At the end of June 2014, the makers planned to release the audio in August 2014.

The soundtrack received positive reviews from critics. The Times of India called it "a record that will take you by surprise" and rated it 3.5 out of 5. In contrast, Milliblog wrote "Karthik is fabulous in his two melodies, the bordering-on-Charukesi Pilla and the short, mellow Kallalo. The soundtrack’s highlight is Padahaarellainaa, which exploits Chinmayi’s fantastic vocals to great effect and layers many interesting sounds onto a dreamy, waltz’y melody. Barring these, this soundtrack is a step down from Achu’s recent form." The soundtrack was a chart-topper and according to Trade experts, it garnered tremendous likes and has been shared in the social media extensively within hours of its official online release who called it a "viral darling".
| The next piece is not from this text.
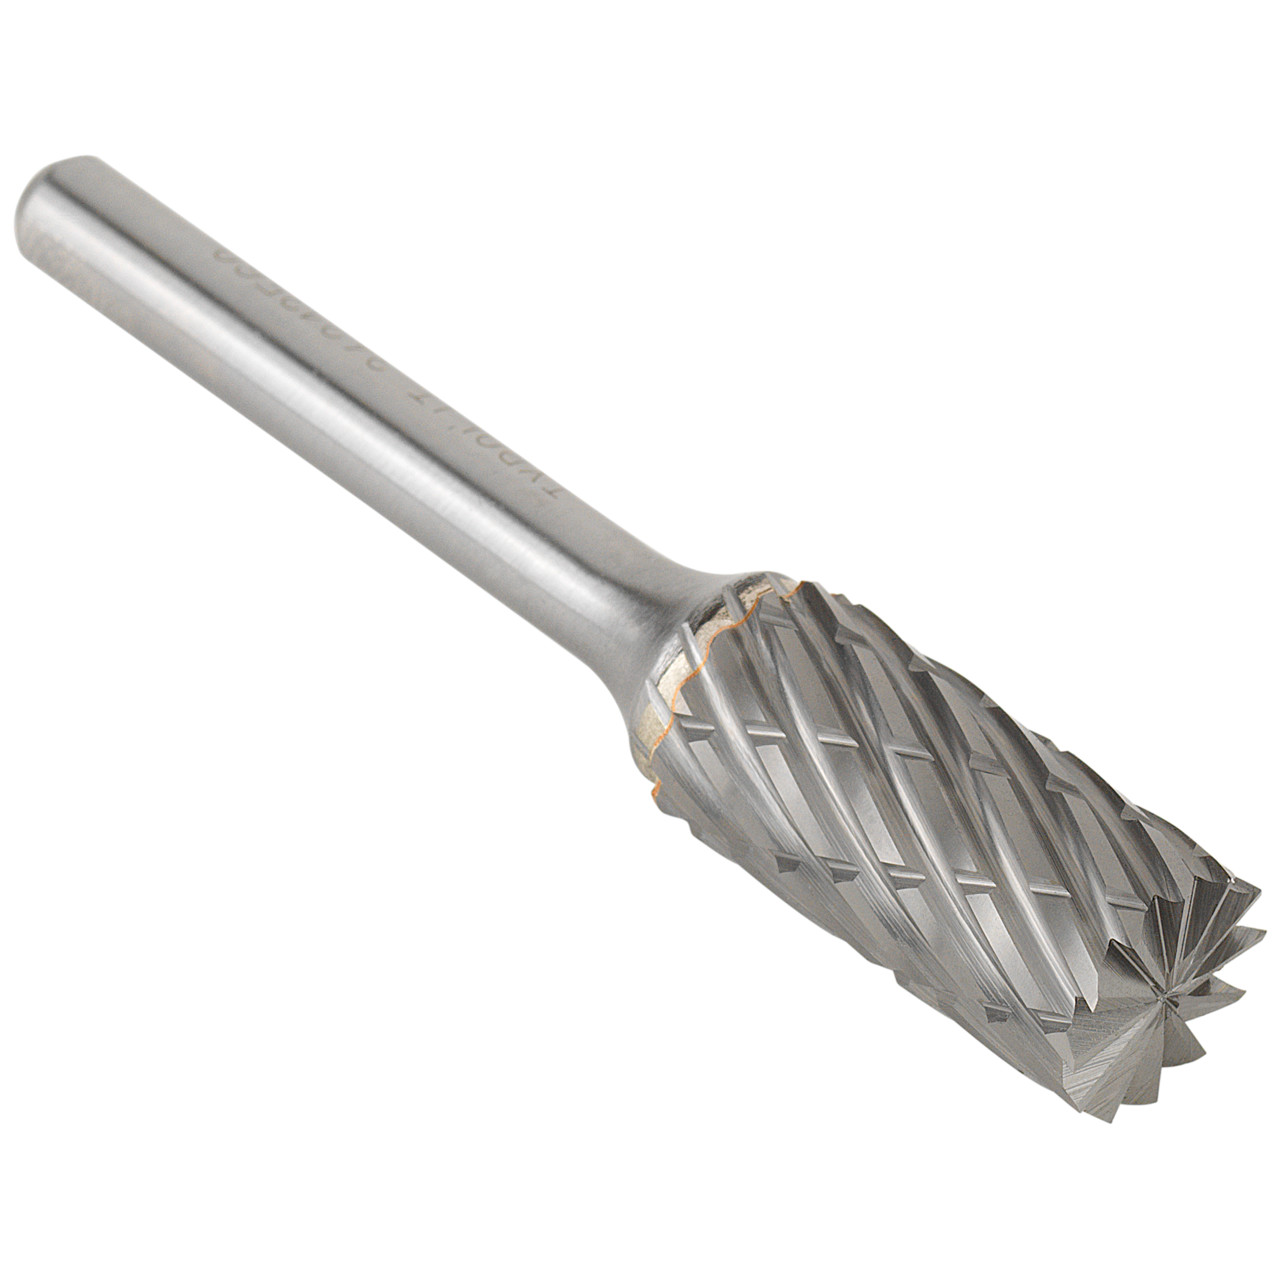 Tyrolit Fresa de metal duro DxT-SxL 13x25-6x70 Para acero, forma: 52ZYAS - cilindro con dentado frontal, Art. 34213560
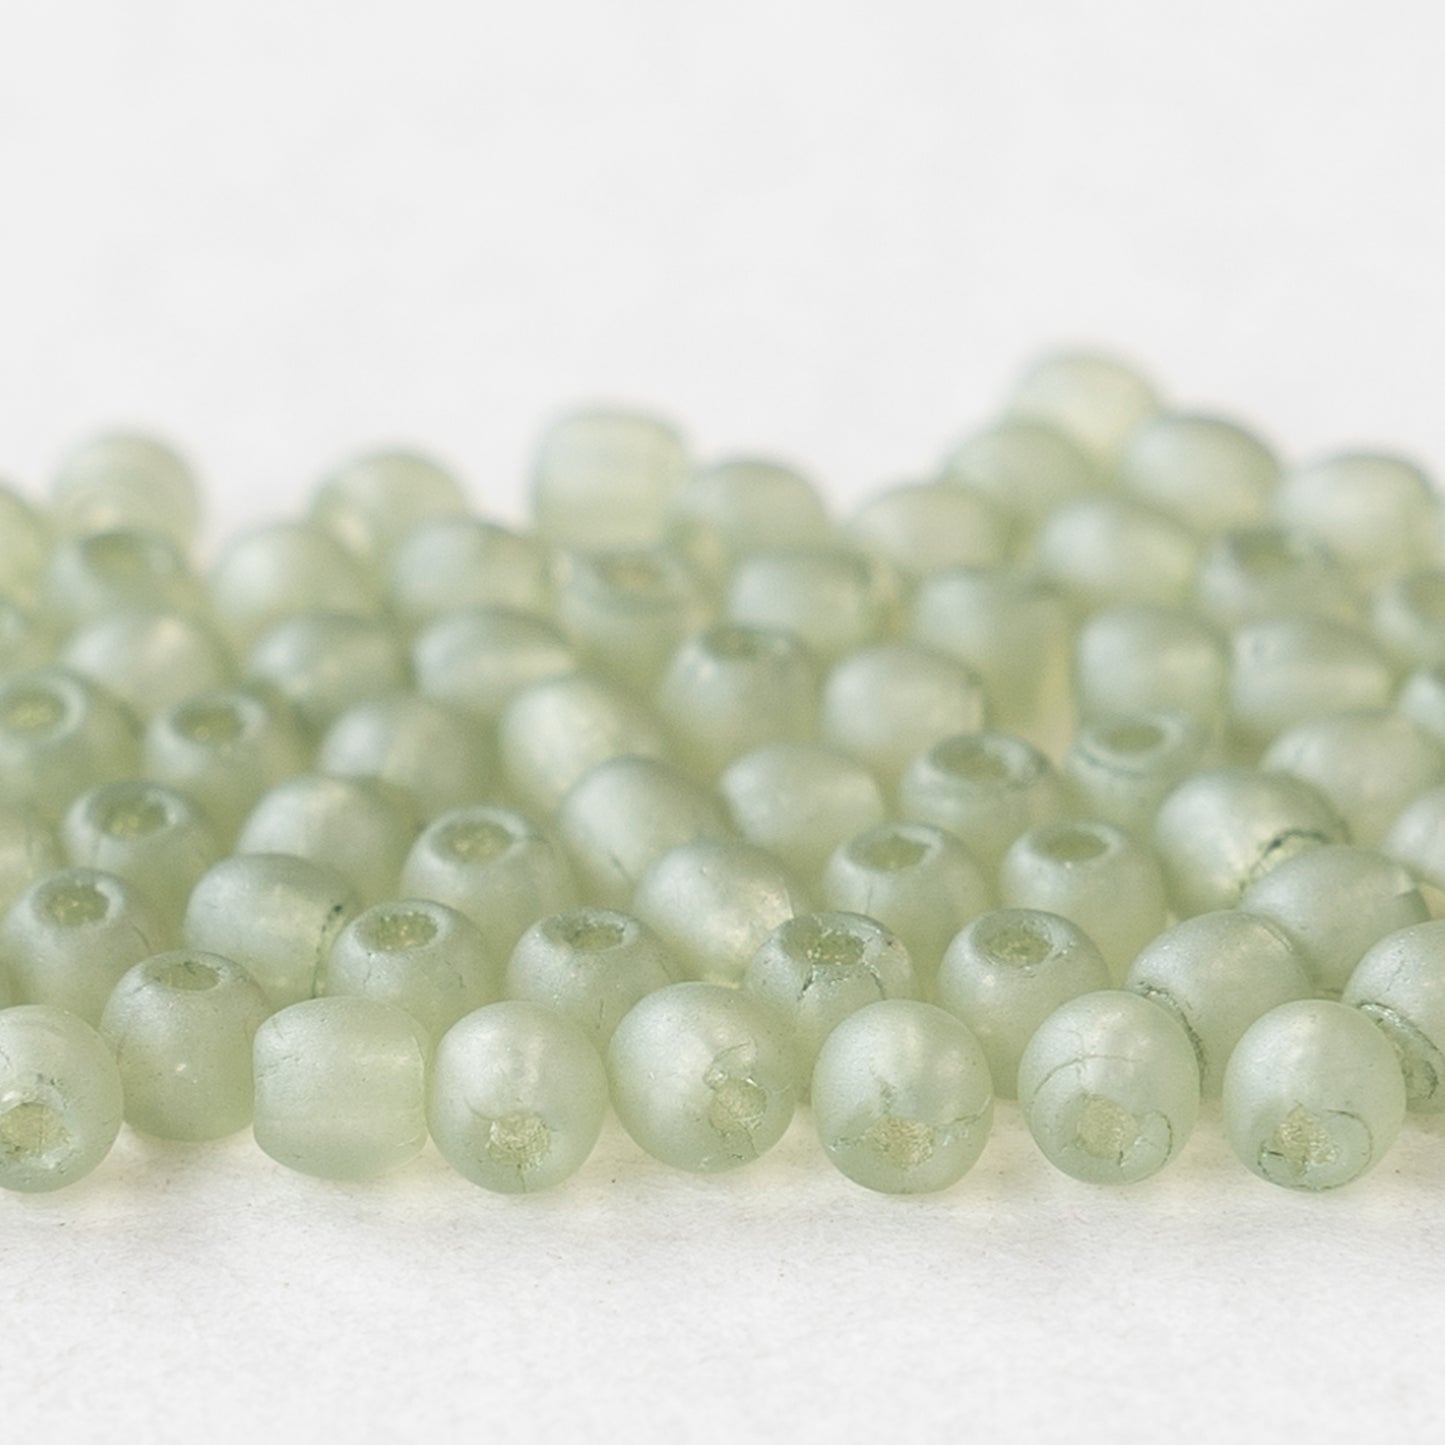 3mm Round Glass Beads - Celadon Green - 120 Beads

Original Track listing (Telugu)
| No. | Title | Lyrics | Artist(s) | Length |
|---|---|---|---|---|
| 1. | "Ammay Nadumu" | Ramajogayya Sastry | Achu Rajamani, M. M. Manasi | 4:00 |
| 2. | "Current Teega (Theme Music)" | NA | NA | 1:21 |
| 3. | "Kallalo Unna Prema" | Varikuppala Yadagiri Goud | Karthik | 1:42 |
| 4. | "Nene Nene Current Teega" | Ramajogayya Sastry | Ranjith | 3:50 |
| 5. | "Padahaarellainaa" | Anantha Sreeram | Chinmayi | 3:28 |
| 6. | "Pilla O Pilla" | Ramajogayya Sastry | Karthik | 4:00 |
| 7. | "Pothe Ponee Poraa" | Varikuppala Yadagiri Goud | Manchu Manoj | 3:43 |
| 8. | "Yerra Yerra Cheera" | Bhaskarabhatla | Jassie Gift, Kamalaja | 2:53 |
| Total length: |  |  |  | 24:57 |

Track listing (Hindi Dubbed)
| No. | Title | Artist(s) | Length |
|---|---|---|---|
| 1. | "Jhakkas Hain Tu Super" | Khushboo Jain, Ravi Chowdhry, Abid Jamal | 04:00 |
| 2. | "Pyaar Mein Ye Kya Hua" | Ravi Chowdhry, Abid Jamal | 01:41 |
| 3. | "Pyaar Mein Jeena" | Ravi Chowdhry, Abid Jamal | 01:23 |
| 4. | "Dil Haare Sajnaa" | Khushboo Jain | 03:27 |
| 5. | "Zara Dekh Yaara" | Khushboo Jain, Ravi Chowdhry, Abid Jamal | 00:35 |
| Total length: |  |  | 11:10 |

==Release==
===Theatrical===
The film received an A certificate by Central Board of Film Certification due to the bold item track featuring Sunny Leone.